С этими словами он и отъехал.
Когда родились сыновья, мать дала им имена: Агафис, Галон и Скиф. Когда они подросли, она дала им лук Геракла и его пояс, на застёжке которого висела золотая чаша. Двое первых сыновей не справились с задачей, и женщина-змея прогнала их. А младший выполнил всё, что от него требовалось, и остался в Гилее, и от него пошли скифские цари. И в память о Геракле скифы носили на поясах золотые чаши.
И ещё нам пришлось однажды заглянуть далеко в прошлое, и сделать это помог нам сам патриарх Фотий.
— Ну как вы готовитесь к поездке в страну хазар? — спросил он.
Философ рассказал, что выучили их язык, что знакомимся с книгами, дающими сведения о жизни этого народа и его соседа — русов, занимаемся лёгкой атлетикой на Ипподроме, потому как в долгой дороге придётся всякого испытать и выносливость в этом случае необходима.
— Это похвально, — одобрил наши действия патриарх. — Но вот какая мысль пришла мне в голову, Константин… Путь ваш будет пролегать через Херсонес. Так?
— Да, ваше святейшество, — ответил я. — Мы этот путь уяснили.
— Вот и добре. В таком случае я напомню ним о епископе Клименте, который жил во времена первых христиан и которого церковь причислили к лику святых. Тебе, Константин, и тебе, Леонтий, как и всякому доброму христианину, известно, что римский император Траян сослал его н Таврию, где он был умерщвлён язычниками. Вам я и вменяю в святую обязанность попытаться отыскать его могилу, извлечь останки и привезти их в Константинополь.
О несчастной судьбе Климента я читал у историка Евсевия.
Климент — римлянин по происхождению вначале исповедовал язычество. Он сам говорил о себе, что «прежде обращения ко Христу молился дереву и камням». Приняв христианскую веру, он много путешествовал, проповедуя. Потом его назначили римским епископом. Но в 101 году, в третий год царствования Траяна, был сослан в Херсонес Таврический, в обычное в то время место ссылки первых христиан — на рудокопни.
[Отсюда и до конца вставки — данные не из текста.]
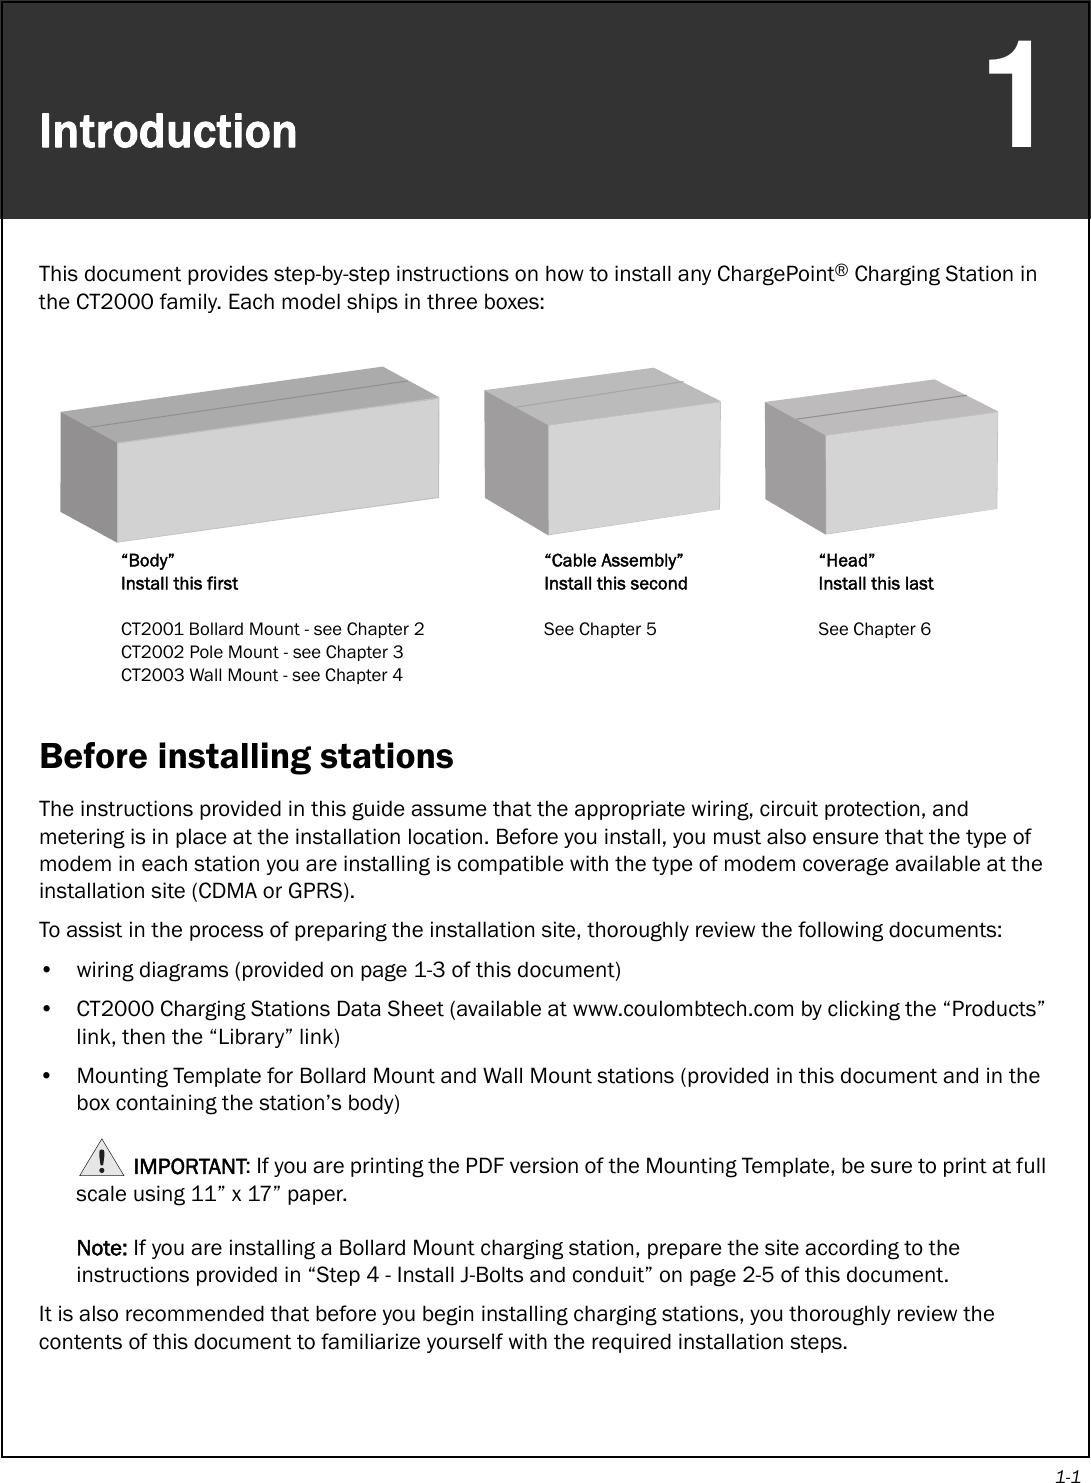 1-1Introduction1This document provides step-by-step instructions on how to install any ChargePoint® Charging Station in the CT2000 family. Each model ships in three boxes:Before installing stationsThe instructions provided in this guide assume that the appropriate wiring, circuit protection, and metering is in place at the installation location. Before you install, you must also ensure that the type of modem in each station you are installing is compatible with the type of modem coverage available at the installation site (CDMA or GPRS).To assist in the process of preparing the installation site, thoroughly review the following documents:• wiring diagrams (provided on page 1-3 of this document)• CT2000 Charging Stations Data Sheet (available at www.coulombtech.com by clicking the “Products” link, then the “Library” link)• Mounting Template for Bollard Mount and Wall Mount stations (provided in this document and in the box containing the station’s body)IMPORTANT: If you are printing the PDF version of the Mounting Template, be sure to print at full scale using 11” x 17” paper. Note: If you are installing a Bollard Mount charging station, prepare the site according to the instructions provided in “Step 4 - Install J-Bolts and conduit” on page 2-5 of this document.It is also recommended that before you begin installing charging stations, you thoroughly review the contents of this document to familiarize yourself with the required installation steps.“Body”Install this firstCT2001 Bollard Mount - see Chapter 2CT2002 Pole Mount - see Chapter 3CT2003 Wall Mount - see Chapter 4“Cable Assembly”Install this secondSee Chapter 5“Head”Install this lastSee Chapter 6

Но и здесь, влача кандальные цепи, Климент не уставал проповедовать среди язычников учение Христа, за что и принял мученическую смерть.
Кажется, два часа, назначенные мне для отдыха Константином, истекли, и пора подниматься к нему в каюту для обсуждения того самого подозрительного для нас вопроса.
Каюта философа по сравнению с моей вид являла просторный, нарядный, с толстым персидским ковром на полу и шкафом, вделанным в переборку, имевшим потайной замок, ключи от которого находились у Константина, и в котором хранились хартии императора к протосфарию Херсонеса и митрополиту с указанием патриархи о содействии в отыскании мощей святого Климента, а также к кагану хазарскому.
Я постучался в дверь. Константин плотно закрыл её за мной, пододвинул стул, сам продолжал стоять.
— Слушаю, отец мой.
— Когда я тебя два часа назад пригласил зайти сюда, мне показалось, что ты догадываешься, о чём я хочу поговорить с тобой.
— Наверное, так, отец мой.
— Что ты, Леонтий, заладил: «отец мой»… — Константин вообще-то не любил, когда к нему обращались подобным образом, но особенно когда это делал я. А куда мне деваться?! Сан…
— Хорошо, Константин, — поправившись, перешёл я на черту дружеского расположения. — Не о лохаге Зевксидаме ли разговор будет?…
— Именно о нём, — просиял философ оттого, что не ошибся, а раз так — значит, мысли наши текут в одном направлении. — Мне очень подозрительна его вежливость, — продолжал Константин. — Вместо того чтобы заниматься солдатами, он постоянно крутится возле меня и уже надоел своими расспросами о русах, славянах, о моём брате Мефодии. Вчера, например, спросил, почему Мефодий оставил военную службу. И между прочим заметил, что очень много македонян во время боя почему-то перешли за сторону болгарского царя Бориса…
Я тоже кое-что вспомнил и, наверное, переменился в лице, потому что Константин сразу оборвал свою речь на полуслове и уставился на меня. Боже мой, почему я тогда не придал этому никакого значения?! Непростительная ошибка…
— Константин, когда мы с тобой однажды вернулись от Мефодия, Зевксидам, увидев меня во дворце, спросил: «Что-то вы зачастили к Мефодию после того как он вернулся из Славинии?… Кстати, как он поживает?» «Пребывает в постах и молитвах». «Так поступают истинные христиане…» И Зевксидам закончил словами из Второзакония: «Чтобы Господь Бог не увидел у тебя чего срамного и не отступился от тебя…» Тут вошёл монах Студийского монастыря Асинкрит, и Зевксидам кинулся ему навстречу.
— Псы, собаки, не дают покоя! — в отчаянии воскликнул философ, и его глаза загорелась огнём. — В ту поездку к сарацинам Асинкрита подсунули, теперь Зевксидама…
— Константин, успокойся… Христос терпел и нам велел. Но то, что мы в своих словах и поступках будем сторожиться лохага, уже пойдёт нам на пользу… Давай выйдем на палубу. Скоро должен появиться на горизонте Херсонес Таврический.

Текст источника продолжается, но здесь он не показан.